Scenario 2: baseline — residential districts with high density, but long stop time due to entrances and waiting. Actions — standardized handover via code, added structured notes (entrance/floor/intercom), implemented the “reschedule before dispatch” rule. Result — stop time decreased, and the first-attempt delivery rate grew. We’ve worked in this field for over 13 years, and sometimes “last-mile optimization” isn’t fancy software—it’s discipline in details everyone is too lazy to do. That’s the catch.
1) Why is last mile more expensive than long-haul even though the distance is shorter?
Because you pay not for kilometers, but for time and uncertainty: many stops, small batches, complex handover conditions, and a high risk of repeat attempts.
2) Where to start optimizing if resources are limited?

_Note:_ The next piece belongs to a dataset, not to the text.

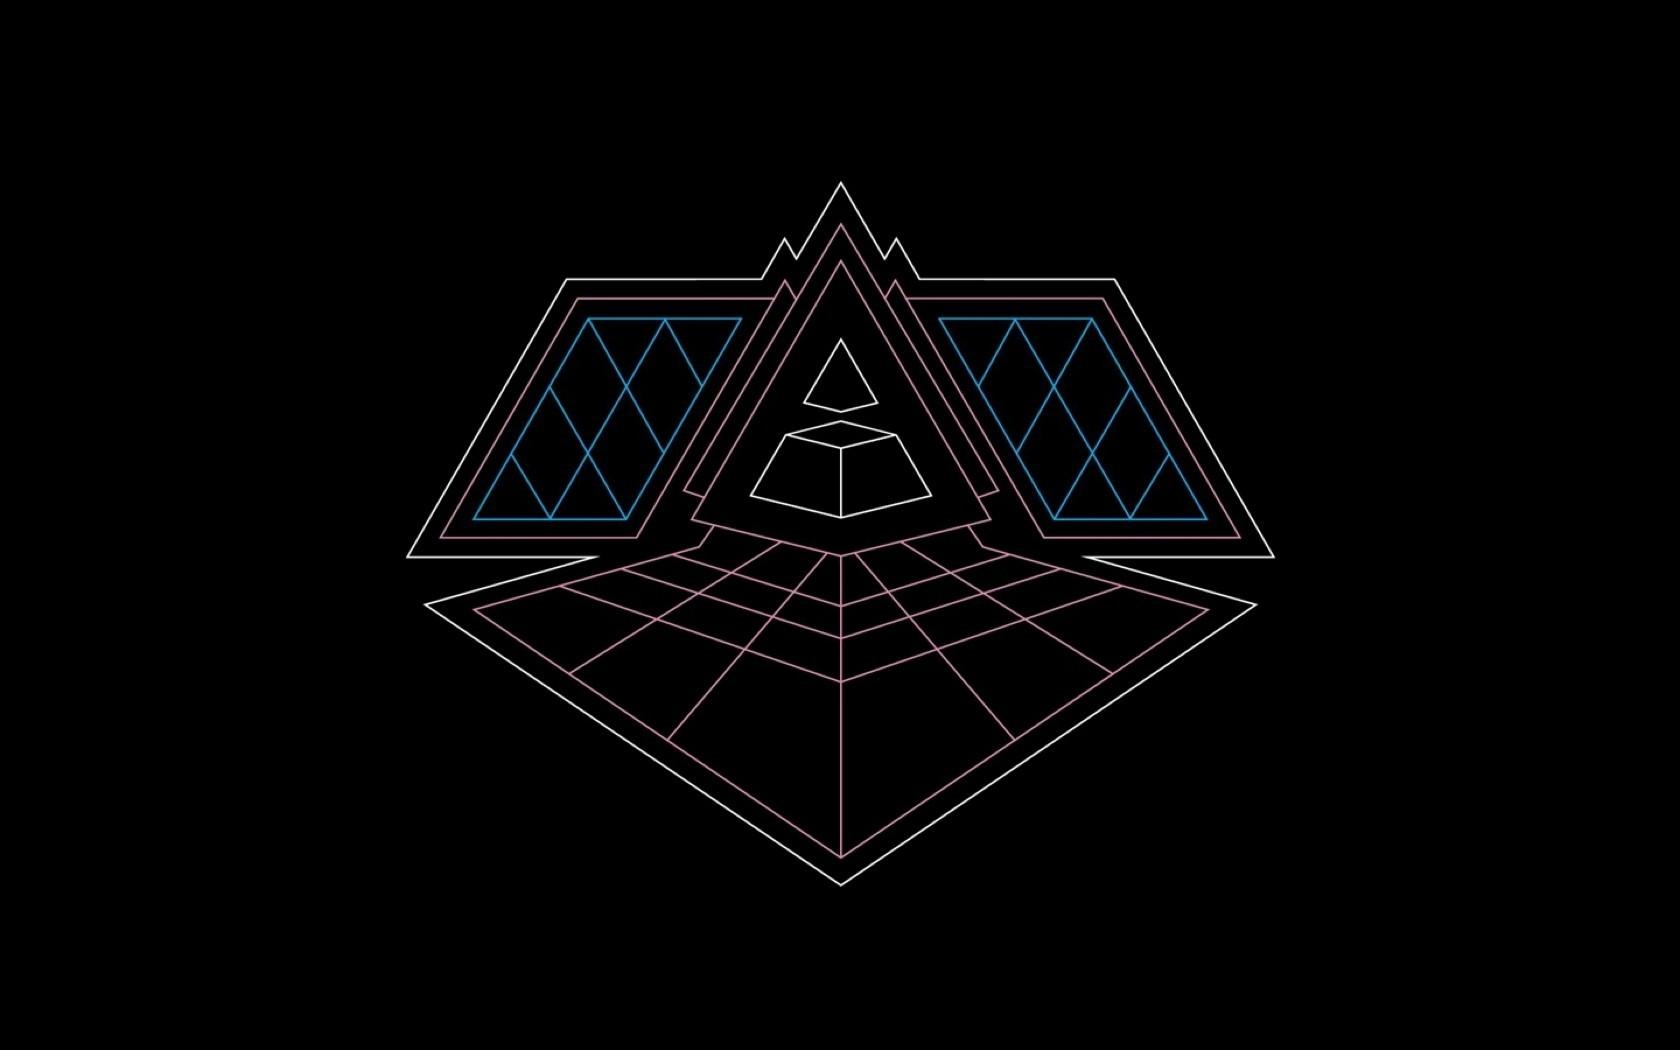 Wallpaper Illustration Logo Symmetry Triangle Pattern Circle Daft Punk Shape Design Line Font 1680x1050 Kingbailey 167016 Hd Wallpapers Wallhere

Start with NDR and stop time. Two simple levers: improve address/contact quality and reduce waiting (windows, notifications, reschedule before dispatch). This often gives the fastest effect without “rebuilding the world.”
3) Are pickup points and lockers always cheaper?
Often cheaper in areas with poor parking and high NDR, but not universally. If your product requires door service or your segment expects it, the model should be mixed: pickup points as the main channel where it’s rational, and couriers where it’s justified.